We also find no abuse of discretion in Supreme Court's admission of certain evidence of defendant's uncharged crimes and prior bad acts (see People v Rojas, 97 NY2d 32, 37-38 [2001]; People v Adams, 39 AD3d 1081, 1082 [2007], lv denied 9 NY3d 872 [2007]). After determining that the identity exception to the Molineux rule was applicable (see People v Alvino, 71 NY2d 233, 242 [1987]; People v Molineux, 168 NY 264, 293 [1901]; People v Fuller, 50 AD3d 1171, 1176 [2008], lv denied 11 NY3d 788 [2008]), Supreme Court properly conducted a hearing and weighed the probative value of defendant's prior convictions and bad acts against their prejudicial effect (see People v Rojas, 97 NY2d at 37-38; People v Adams, 39 AD3d at 1082). Notably, Supreme Court also gave appropriate limiting instructions to the jury regarding this evidence.

Defendant's contentions with regard to the admissibility of testimony concerning certain handwriting exemplars and with regard to the sentence imposed are rendered academic by the foregoing decision. To the extent not specifically addressed herein, we have reviewed defendant's remaining contentions and find them to be without merit.

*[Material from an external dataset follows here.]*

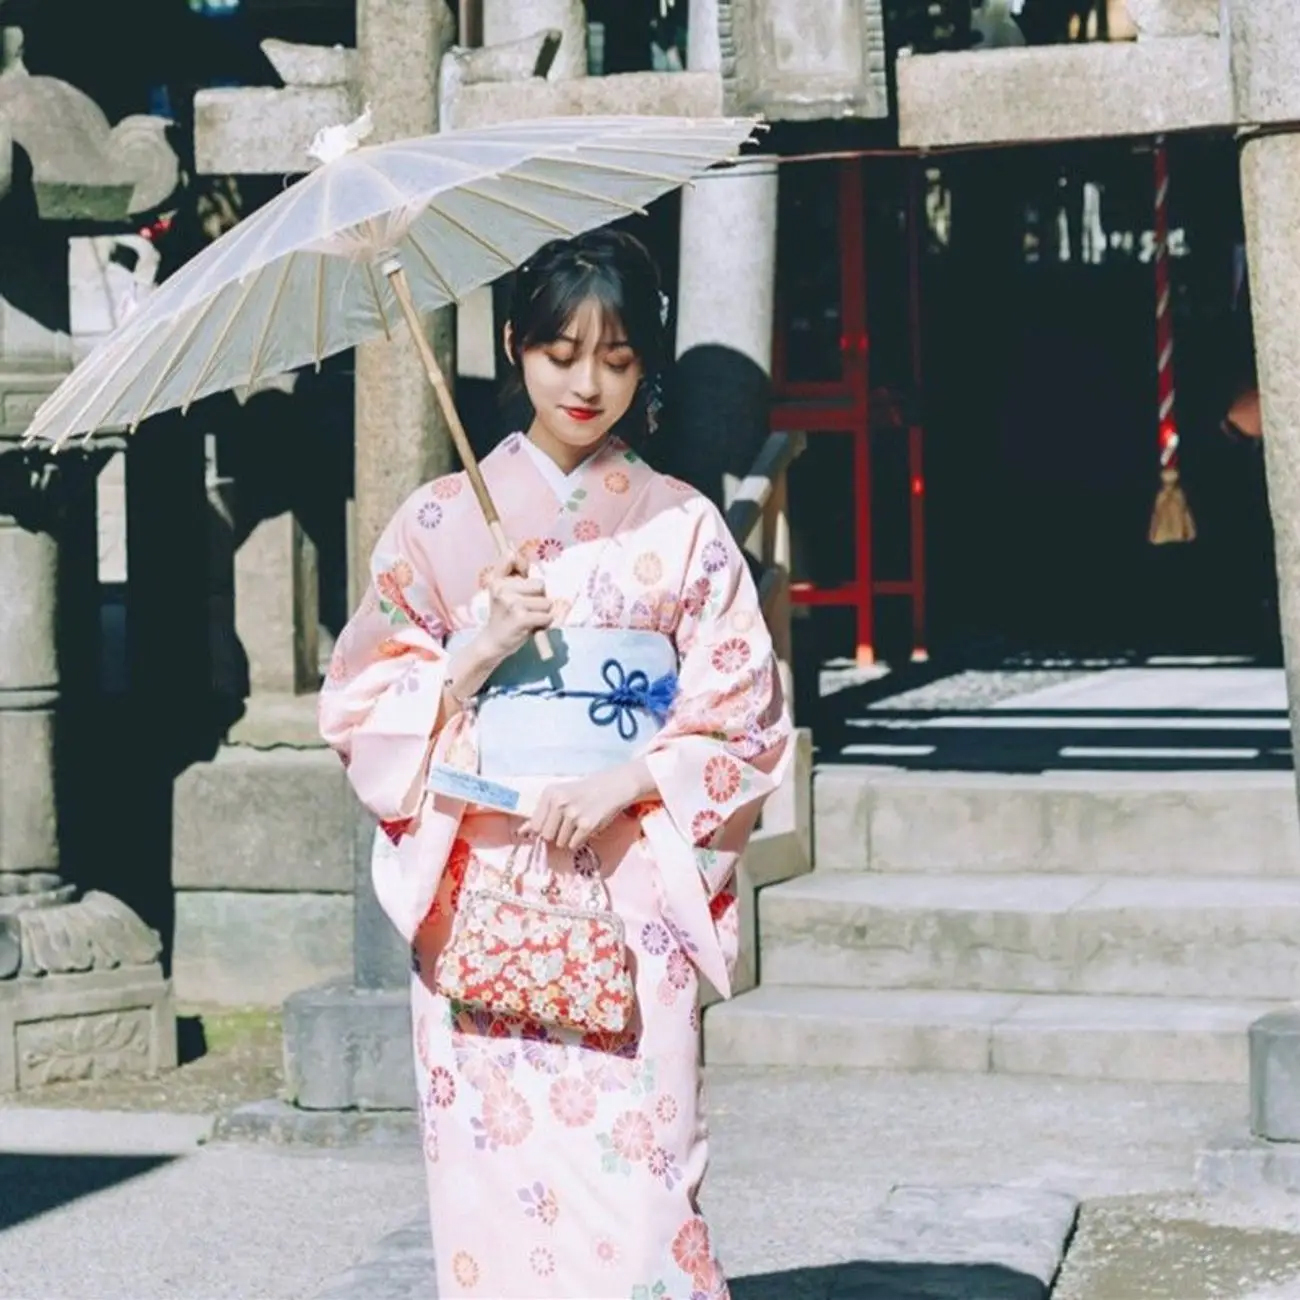 Áo Kimono Yukata Hồng Phấn Tặng Kèm Thắt Lưng

Cardona, P.J., Peters, Kavanagh and McCarthy, JJ., concur. Ordered that the judgment is modified, on the law, by reversing defendant's convictions of criminal possession of a forged instrument in the second degree under the first 10 counts of the indictment; said counts dismissed and the sentences imposed thereon vacated; and, [*4]as so modified, affirmed.

Footnotes


Footnote 1: The card provides cardholders with, among other things, check cashing privileges. According to company representatives, only one card is issued per customer and the cards are tracked according to the applicant's driver's license identification number.

Footnote 2: By operation of law, this sentence was reduced to an aggregate sentence of 10 to 20 years (see Penal Law § 70.30 [1] [b], [e] [i]).

Footnote 3: None of the individual checks exceeded $3,000 (see Penal Law § 155.35).